Key Columns in the Data

Key dataset is 03_output/hci_plus/hci_plus_index.dta. This dataset contains the Human Capital Index Plus (HCI+) for each country. The HCI+ is the sum of the component scores for health, education, and on-the-job learning.

Only total values are shown in the table below. However, values for females/males are also available in the data.
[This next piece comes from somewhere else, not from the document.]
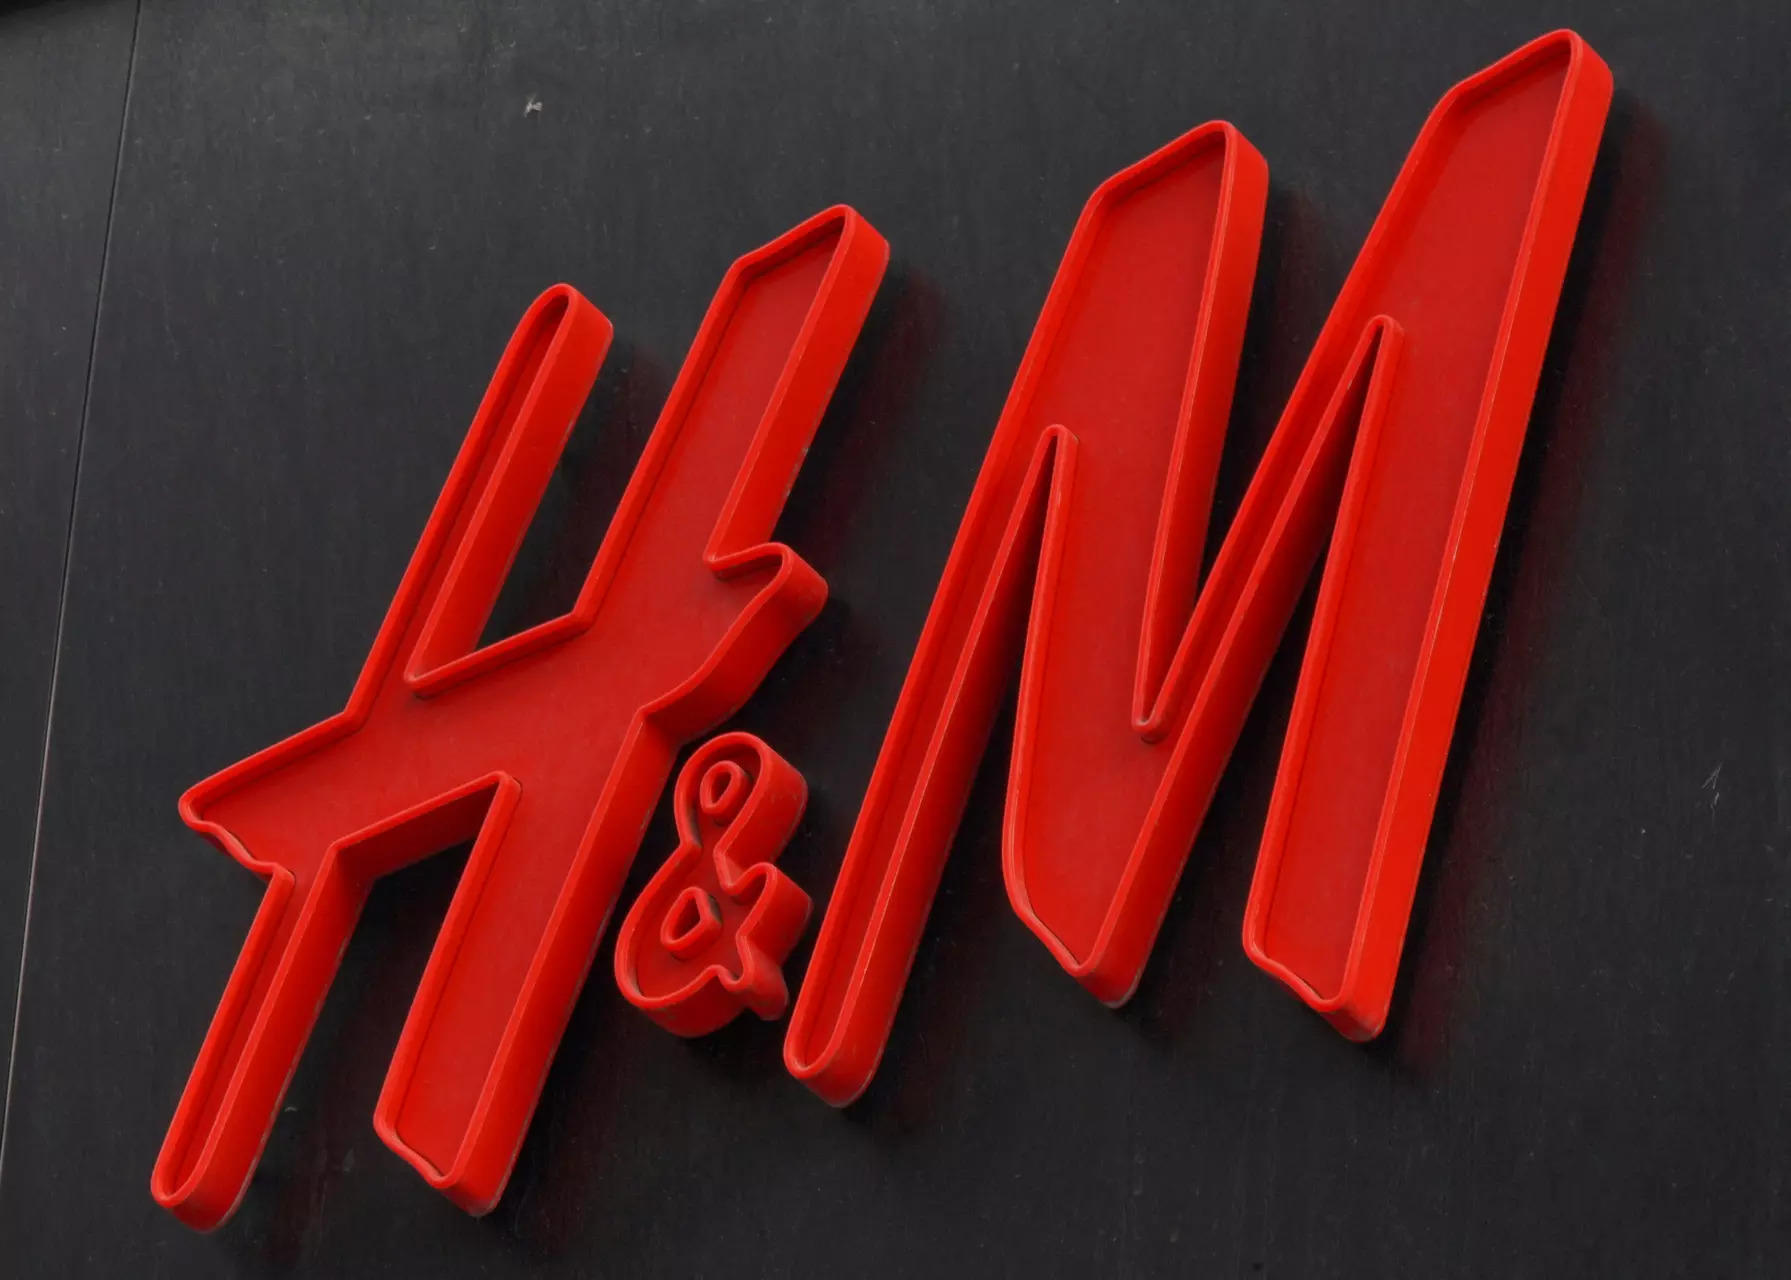 COS launches Resell to prolong the lifespan of preloved clothes - H&M Group

The naming convention for these columns is as follows:

  • _mf refers to the total (male + female)
  • _m refers to the value for males
  • _f refers to the value for females

Health Component Variables

Column Name Description Min Max
surv_15to60_mf_2025 Adult survival rate (ages 15-60) 0 1
nostu_mf_2025 Probability of not being stunted (under 5) 0 1

Education Component Variables

Column Name Description Min Max
eys_pp_mf_fill_2025 Expected years of pre-primary schooling (EYS) 0 3
eys_sa_mf_fill_2025 Expected years of schooling (primary + secondary) 0 12
hlo_mf_fill_2025 Harmonized learning outcomes (HLO) 200 625
lays_sa_mf_fill_2025 Learning-adjusted years of schooling (LAYS) 0 12
ter_ya_mf_fill_2025 Fraction completing tertiary education 0 0.5

On-the-Job Learning Component Variables

Youth (18-24):

Column Name Description Min Max
lfp_ya_mf_fill_2025 Labor force participation rate (youth) 0 1
emp_ya_mf_fill_2025 Employment rate (youth) 0 1
shr_wemp_ya_mf_fill_2025 Share in wage employment (youth) 0 1

Working Age (25-64):

Column Name Description Min Max
lfp_wa_mf_fill_2025 Labor force participation rate (working age) 0 1
emp_wa_mf_fill_2025 Employment rate (working age) 0 1
shr_wemp_wa_mf_fill_2025 Share in wage employment (working age) 0 1

HCI+ Component Scores

Column Name Description
hci_health_mf_2025 Health component score
hci_education_mf_2025 Education component score
hci_otj_mf_2025 On-the-job learning component score
hcip_mf_2025 Human Capital Index Plus (HCI+) total score

Metadata Columns

Column Name Description
wbcountryname Country name
wbcode Country code (ISO3)
year Year of the data
wbregion World Bank region
wbincomegroup World Bank income group

Background: Three Components of HCI+

1. Health Component

The health component captures the productivity effects of surviving to working age and achieving adequate early-life physical growth. Two proxies are used:

  • Adult survival rate (ages 15–60): Sourced from UN Population Division life tables
  • Share of children under age 5 who are not stunted: From WHO–UNICEF–World Bank Joint Malnutrition Estimates

Both indicators rely on long-run evidence linking adult height and productivity. Following Kraay (2019) and Weil (2007), the earnings penalty per centimeter of height loss is approximately 3.4 percent. Mortality and stunting are associated with height deficits of 19.2 cm and 10.2 cm, respectively, implying log earnings penalties of 0.65 and 0.35. These are weighted equally in the HCI+ scoring formula.

2. Education Component

The education component aggregates human capital accumulated during formal schooling. Data inputs include:

  • Expected years of schooling (EYS): UNESCO UIS
  • Harmonized learning outcomes (HLO): World Bank EduAnalytics
  • Tertiary completion: UIS and household surveys

Returns to pre-primary and LAYS are combined into a single estimate based on World Bank analysis indicating returns of 9–12 percent per effective learning-adjusted year. The HCI+ uses 12% per LAYS based on:

  • Schoellman (2012)
  • Islam–Jedwab–Romer (2023)
  • Gethin's (2025) meta-analysis of high-quality IV estimates

Tertiary returns follow Psacharopoulos & Patrinos (2018), using a 16 percent return per year for a four-year degree.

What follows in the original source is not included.